WORK TO COMPLETE
Give the listing again word for word, excluding the pictures it contains.

GIVEN INFORMATION
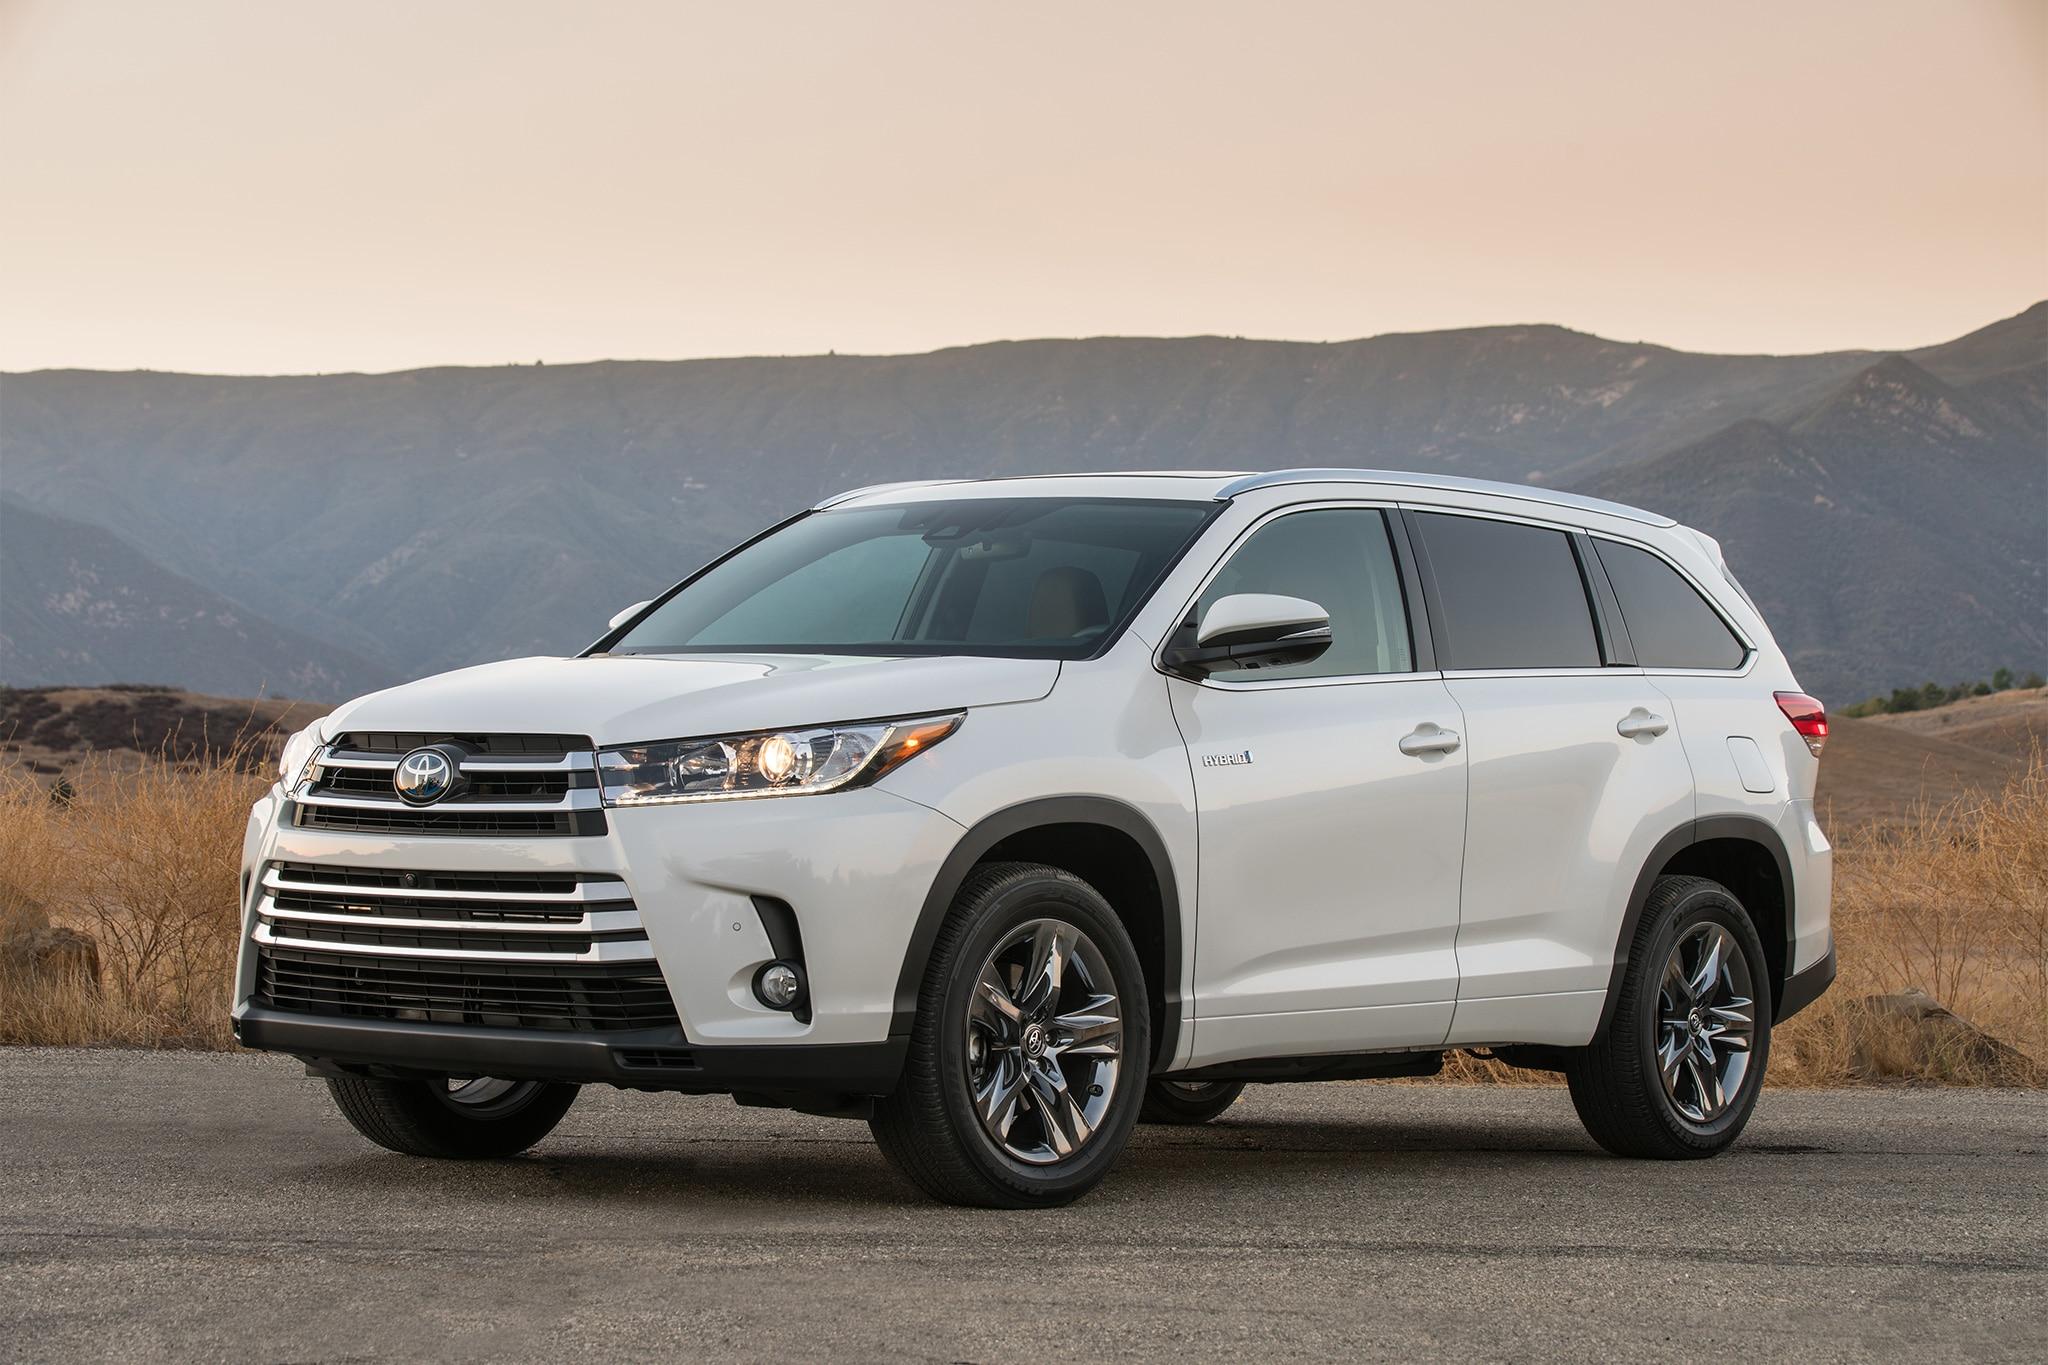 2017 Toyota Highlander Hybrid Limited front three quarter 06
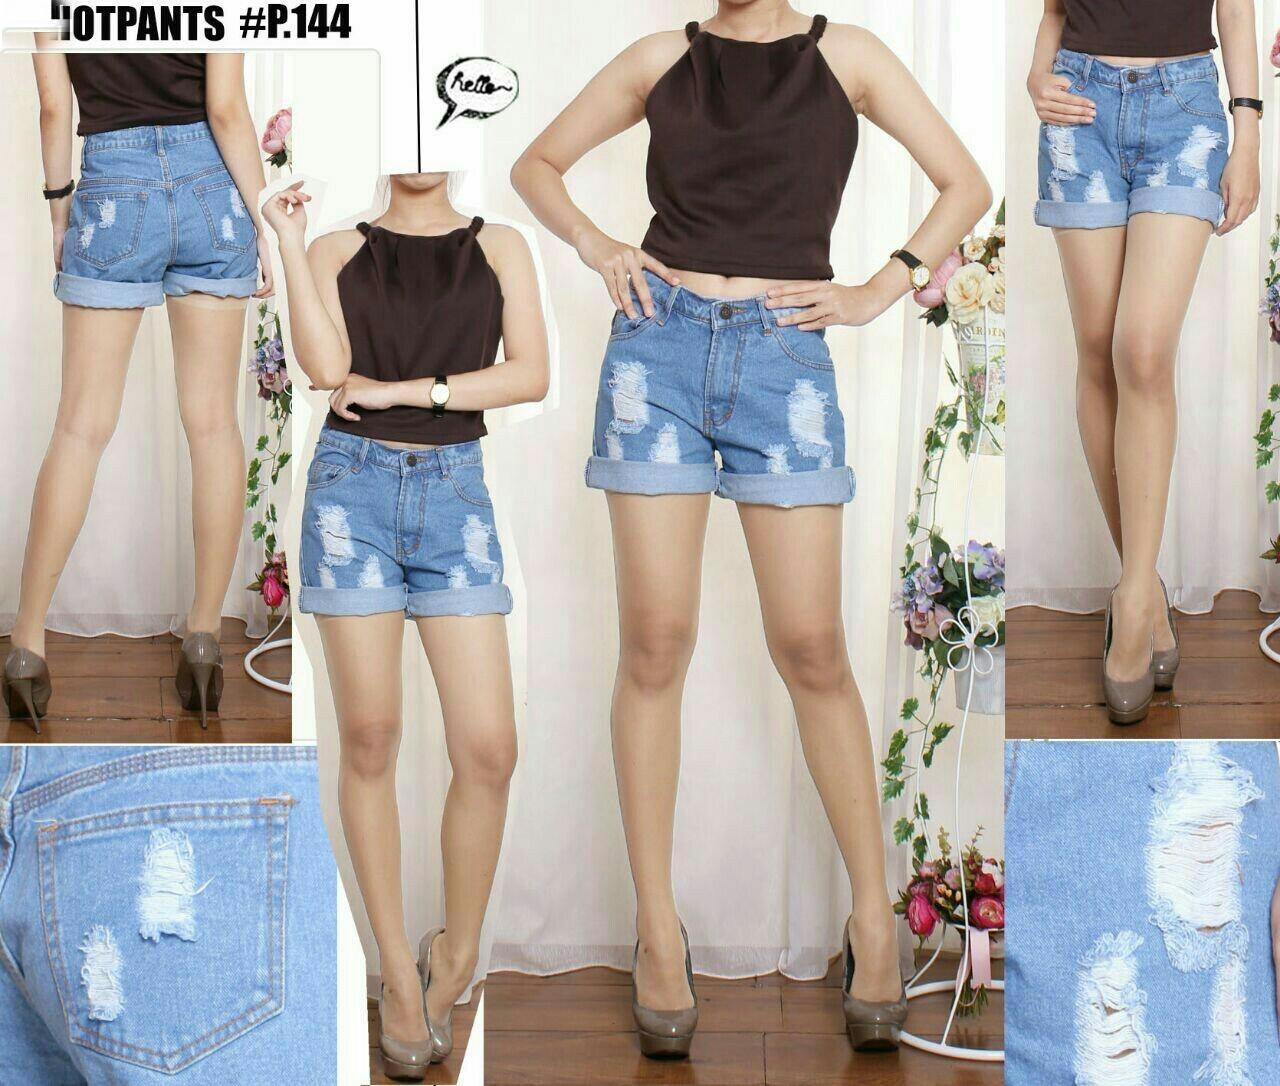 Jual Celana Pendek Hotpant Blue Jeans Ripped - 12925
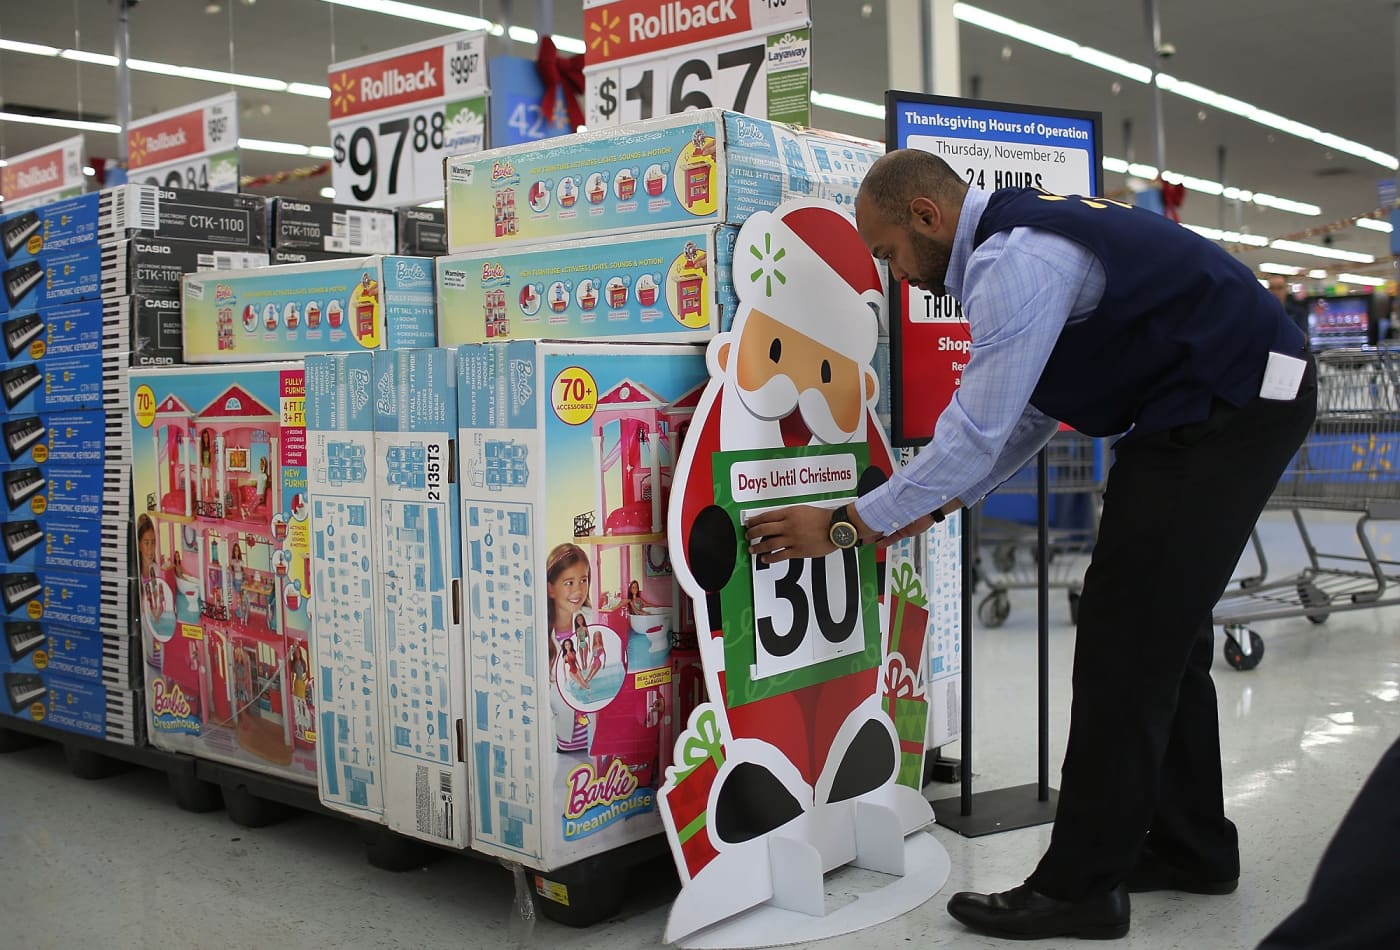 How To Land A Job At Walmart

PROBLEM SOLUTION
 2017 Toyota Highlander Hybrid Limited front three quarter 06
 Jual Celana Pendek Hotpant Blue Jeans Ripped - 12925
 How To Land A Job At Walmart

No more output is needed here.